Recently, researchers from the Mira Institute, Google DeepMind, and Microsoft Research conducted an in-depth investigation into the reasoning capabilities of AI language models, finding significant shortcomings in small and inexpensive models when solving complex problems.

This study focused on a test named "Combined GSM," designed to evaluate these models' performance in solving chain-based elementary math problems.

AI Robot Artificial Intelligence (3) Data Analysis

Image source note: The image is AI-generated, authorized by the service provider Midjourney

The researchers combined two problems from the GSM8K dataset, using the answer from the first problem as a variable in the second for testing. The results showed that most models performed far below expectations on these complex reasoning tasks, especially pronounced in smaller models. Although small models scored similarly to larger models on standard math tests like GSM8K, their logical gaps widened significantly in the new combined test, reaching up to 2 to 12 times.

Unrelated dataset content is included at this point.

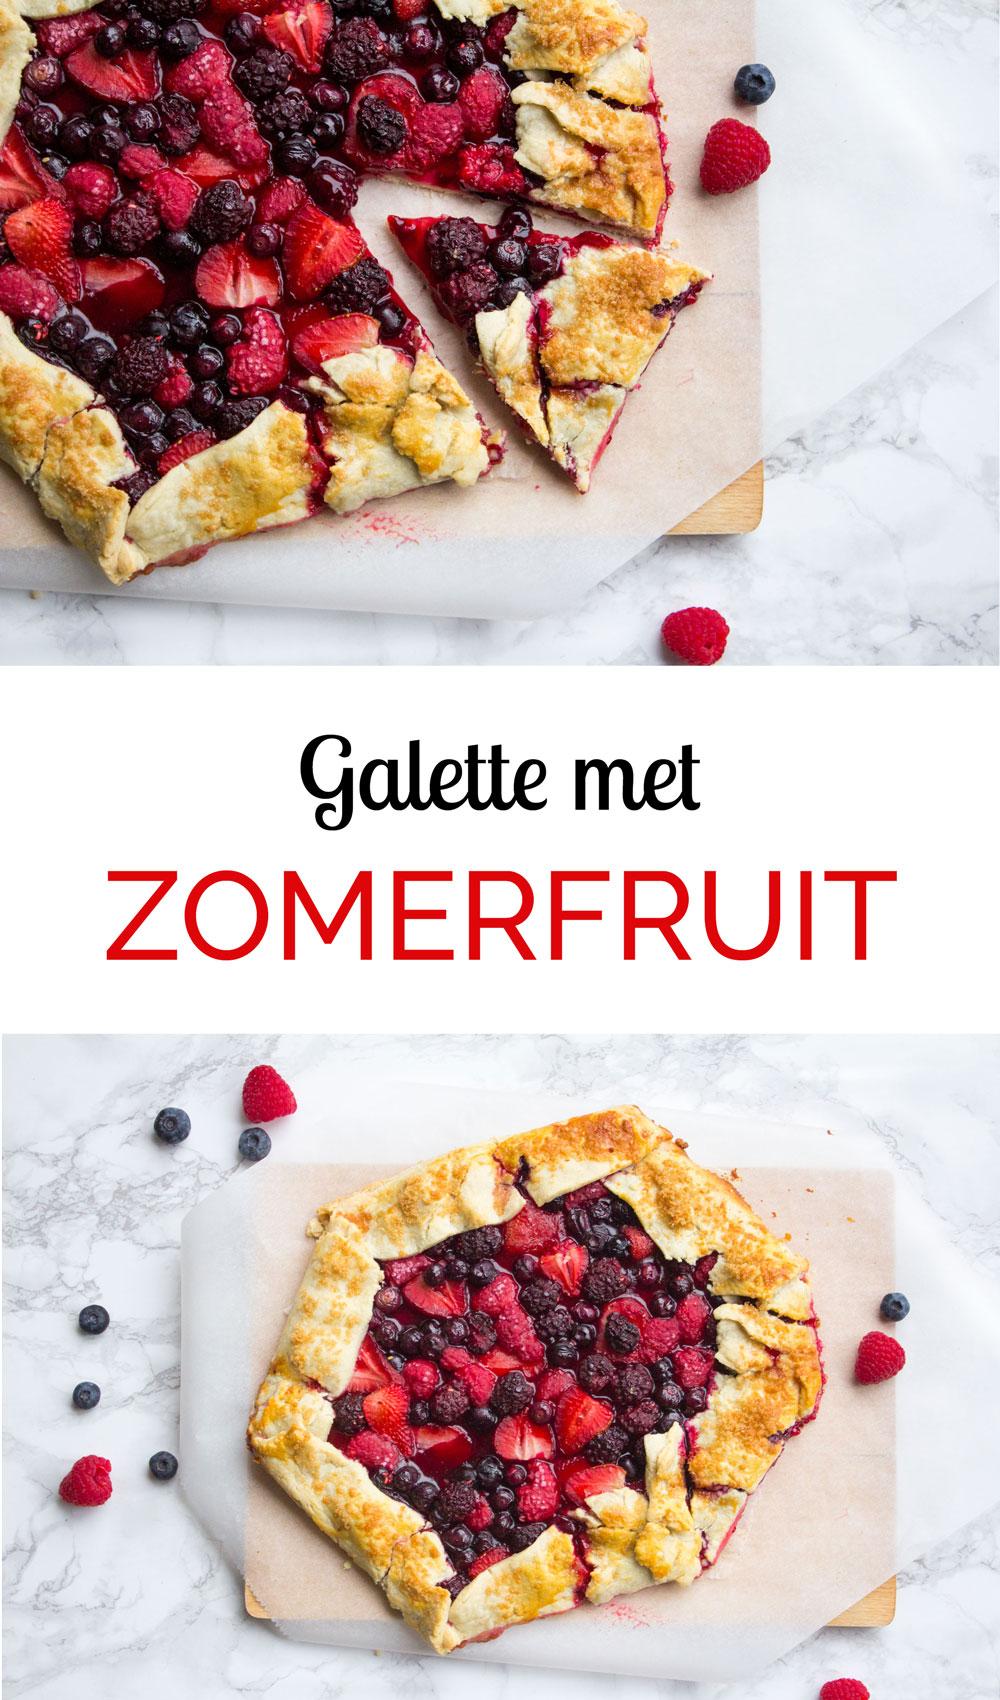 zomerfruit galette

Take GPT-4o mini as an example; it significantly lagged behind GPT-4o in the new test, despite being nearly equivalent in the original benchmark. Other models such as Gemini and LLAMA3 showed similar patterns. The study indicates that while these small models can recognize surface patterns in common tasks, they struggle to apply this knowledge in new contexts.

The research also found flaws in even models specifically designed for mathematics. For instance, Qwen2.5-Math-7B-IT scored over 80% on high-difficulty high school math problems but was less than 60% accurate on chain-based elementary math problems. For smaller models, instruction tuning methods significantly improved performance in the original GSM8K test but offered minimal enhancement in the combined GSM test.

This study is not entirely up-to-date, as OpenAI's recently launched logical optimization model o1 was not included in the test. Although there are indications that o1 has significantly improved planning capabilities, the research shows that humans still have the upper hand in solving math problems in terms of speed and elegance. Google's Gemini model has also shown stronger math abilities after recent updates.

The researchers emphasize that existing evaluation methods may mask these models' systemic differences, leading to overestimations of small models' capabilities. They call for a reevaluation of the development strategies for low-cost AI systems, questioning the inherent limitations of these models in complex reasoning and generalization. This study provides deeper insights into understanding the limitations of AI systems.

Key Points:

📉 Small AI language models perform poorly in solving chain-based math problems, with logical gaps up to 12 times higher.

🧮 Even models specifically designed for mathematics have accuracy rates below 60% on basic problems.

🔍 Existing evaluation methods may overestimate the capabilities of small models; their development strategies need reexamination.